Let's plot the results of PCA with the true labels and compare them side-by-side with the KMeans clustering results.

In [None]:
# Get cluster centroids from previously fitted KMeans
centroids = kmeans.cluster_centers_

# Set up figure and axes
fig, axs = plt.subplots(1, 2, figsize=(14, 6))

# --- Plot 1: KMeans Clusters ---
scatter1 = axs[0].scatter(X_pca[:, 0], X_pca[:, 1], c=y_kmeans, cmap='viridis', alpha=0.7, edgecolor='k')
axs[0].scatter(centroids[:, 0], centroids[:, 1], c='red', marker='X', s=200, label='Centroids')
axs[0].set_title('KMeans Clustering (PCA Space)', fontsize=14)
axs[0].set_xlabel('Principal Component 1')
axs[0].set_ylabel('Principal Component 2')
axs[0].legend()
axs[0].grid(True)

# --- Plot 2: True Labels ---
scatter2 = axs[1].scatter(X_pca[:, 0], X_pca[:, 1], c=y, cmap='viridis', alpha=0.7, edgecolor='k')
axs[1].set_title('True Labels (PCA Space)', fontsize=14)
axs[1].set_xlabel('Principal Component 1')
axs[1].set_ylabel('Principal Component 2')
axs[1].grid(True)

# Layout adjustment
plt.tight_layout()
plt.show()


From the results above, we can see that the K-means clusters closely resemble the true labels, indicating that PCA successfully preserved the key structure of the data.

**Q*1: Run the PCA and K-means algorithm on the wine dataset (refer to [sklearn.datasets](https://scikit-learn.org/stable/modules/generated/sklearn.datasets.load_wine.html)) data, and plot your results.** 

> Hint: Consider the values you set for the centroids

<span style="background-color: #FFD700">**Write your code below**</span> 

In [None]:
# Import necessary libraries
from sklearn.datasets import load_wine

# Load the wine dataset
wine = load_wine()
X = wine.data
y = wine.target

# Standardize the data (important for PCA)

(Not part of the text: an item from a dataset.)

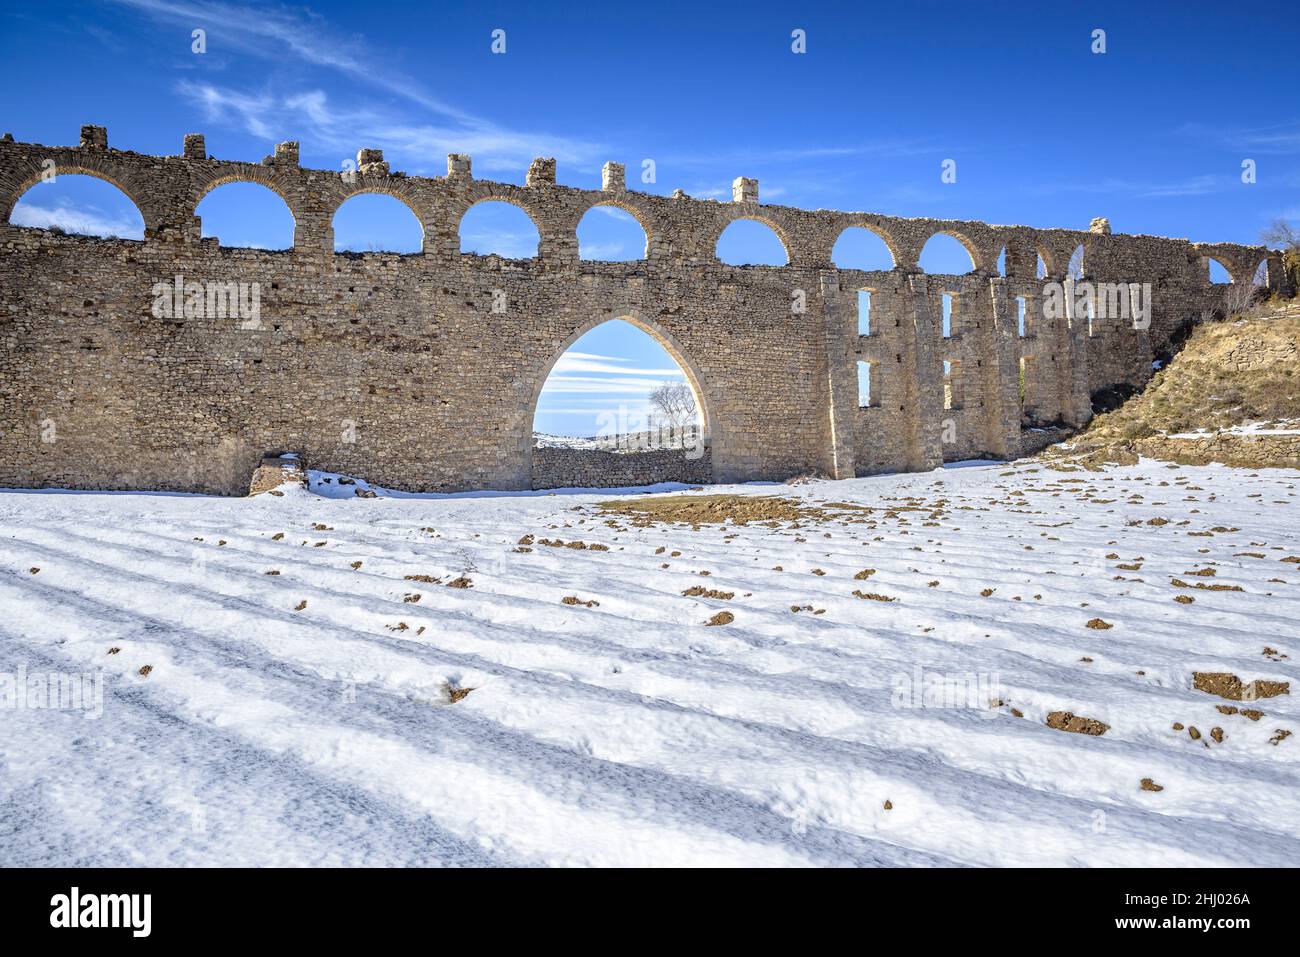 Morella aqueduct after a snowfall in winter (Castellón province, Valencian Community, Spain) ESP: Acueducto de Morella tras una nevada, Com Valenciana Stock Photo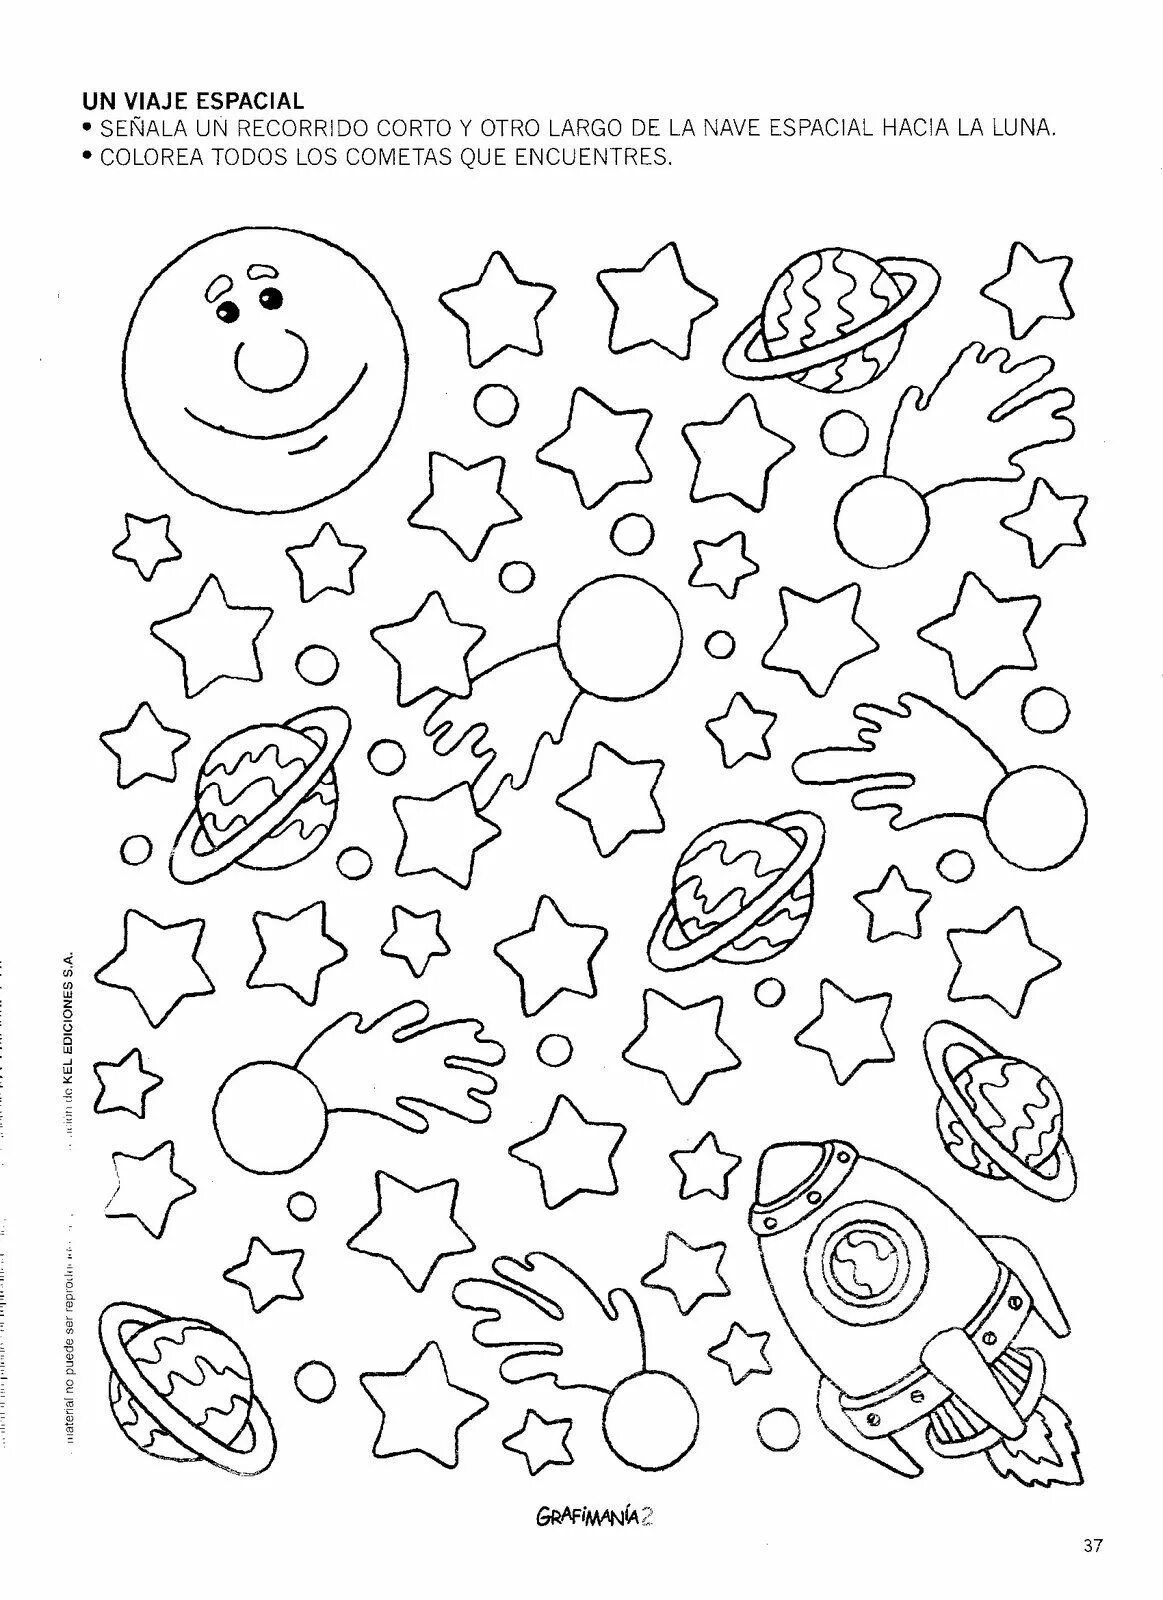 Космос задания для детей. Космос задания для дошкольников. Занание про космос для дошкольников. Космонавтика задания для дошкольников.

# Apply PCA - reduce the data to 2 components


# Visualize the PCA result


In [None]:
# Apply K-means clustering (we use K=3)


# Get the predicted cluster labels


# Visualize the K-Means clusters


# Print the cluster centers



## Conclusion

In this module, we explored two fundamental techniques in unsupervised learning: Principal Component Analysis (PCA) for dimensionality reduction and K-Means Clustering for grouping similar data points. PCA allowed us to reduce the complexity of high-dimensional data while retaining most of its variance, making patterns more interpretable and computationally manageable. K-Means, on the other hand, enabled us to discover inherent structures within the data by assigning observations to clusters based on similarity.

Together, these methods demonstrate a powerful workflow: using PCA to simplify data before applying K-Means can enhance clustering performance and visualization. Understanding and combining these techniques is a valuable step in making sense of complex datasets, forming the foundation for more advanced data analysis and machine learning tasks. In HMB301, we will explore further techniques of dimensional reduction and clustering.